**EXERCISE DETAILS**.
Pictures stay out; everything else in the listing below is to be restated word for word.

**DATASET SECTION**.
++++++++++
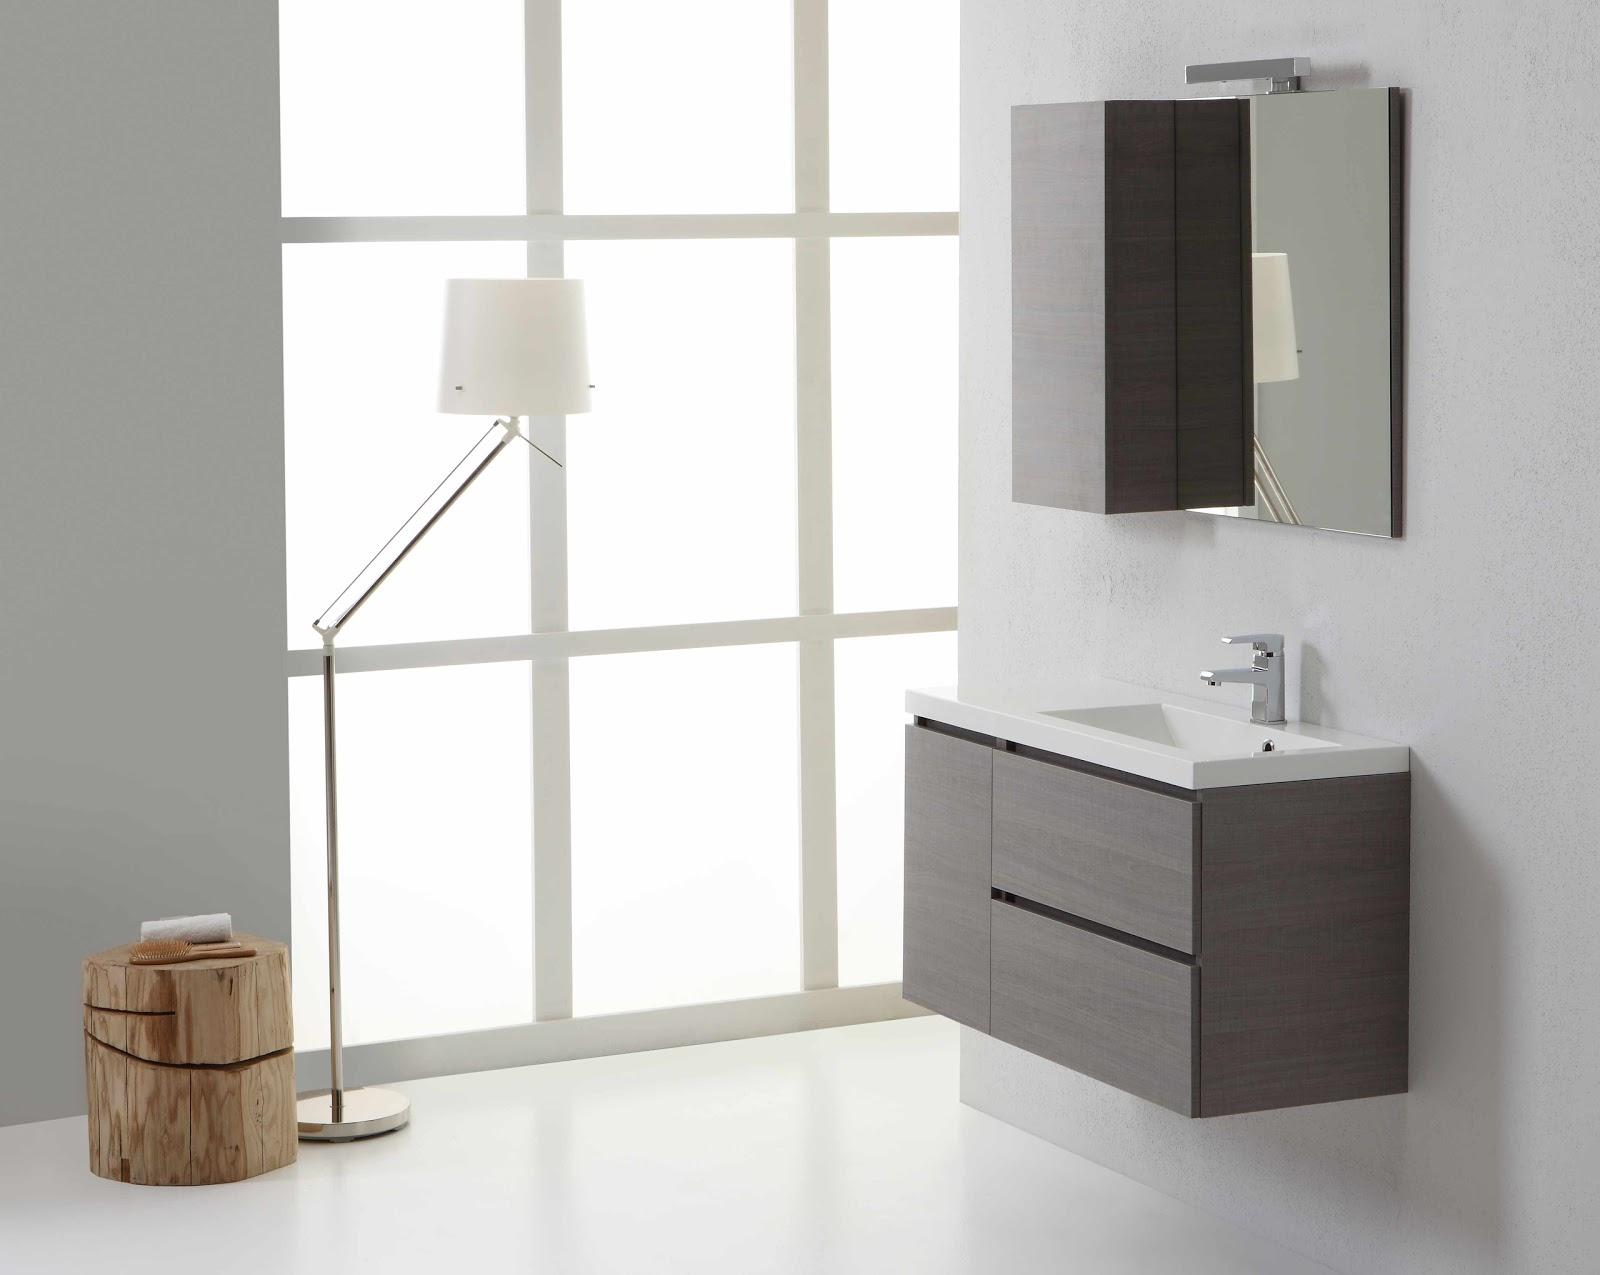 Corriere del web mobili bagno moderni kv store - Bagni moderni ikea ...
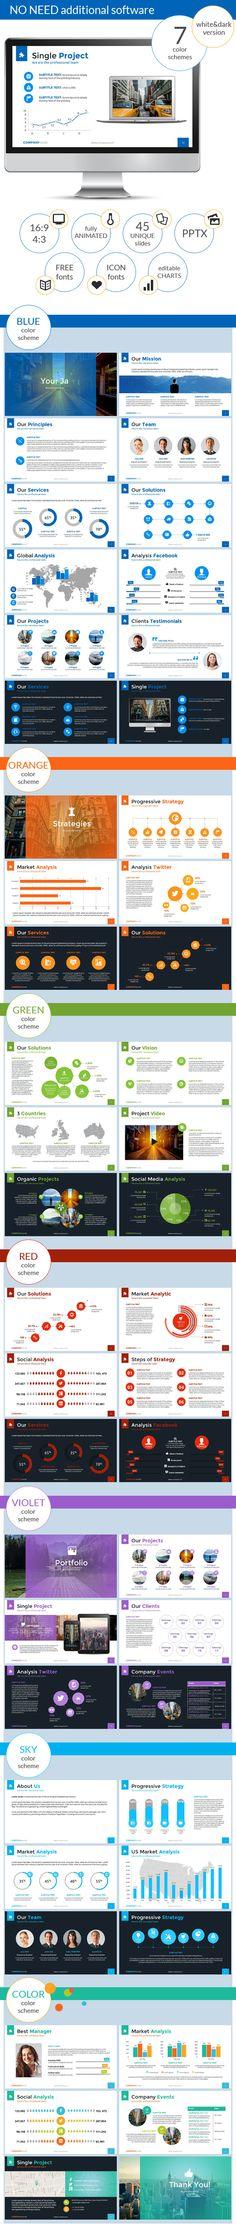 Stylish PowerPoint Presentation Template http://graphicriver.net/item/your-ja-powerpoint-presentation-template/8960216
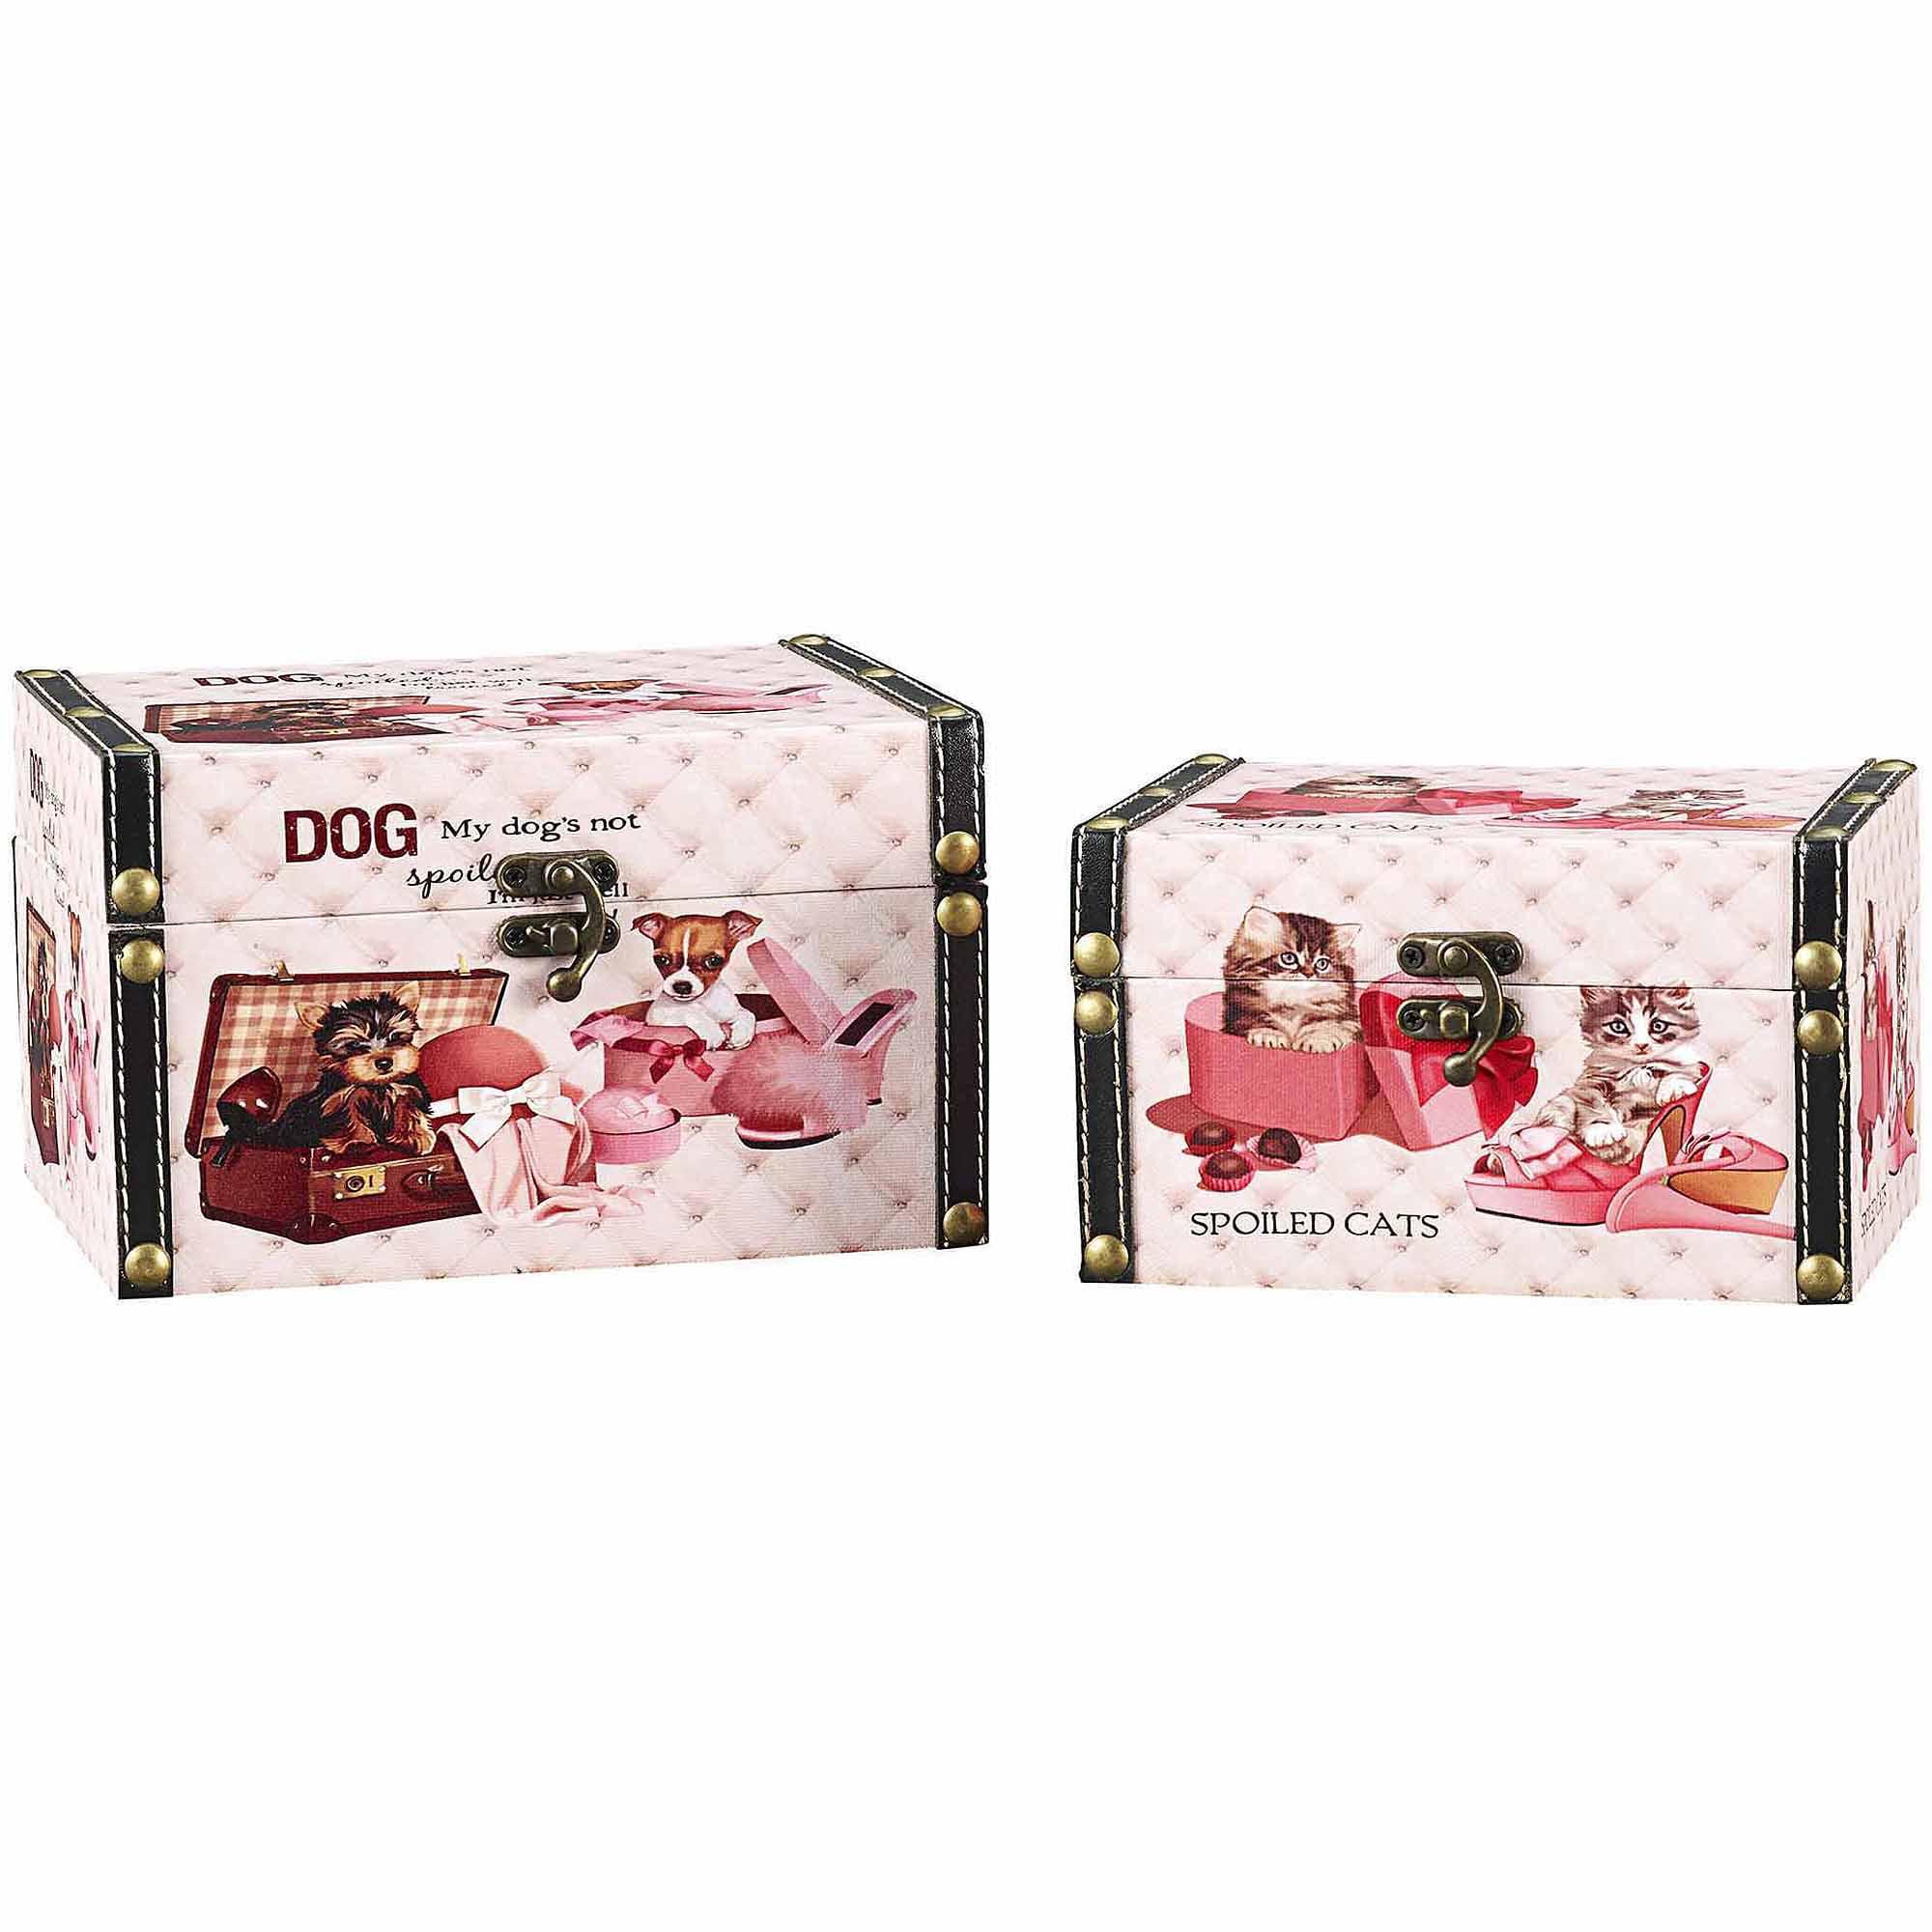 Household Essentials Decorative Storage Box, Cat and Dog Design, Set of 2
++++++++++
**THE COMPLETED TASK**.
 Corriere del web mobili bagno moderni kv store - Bagni moderni ikea ...
 Stylish PowerPoint Presentation Template http://graphicriver.net/item/your-ja-powerpoint-presentation-template/8960216
 Household Essentials Decorative Storage Box, Cat and Dog Design, Set of 2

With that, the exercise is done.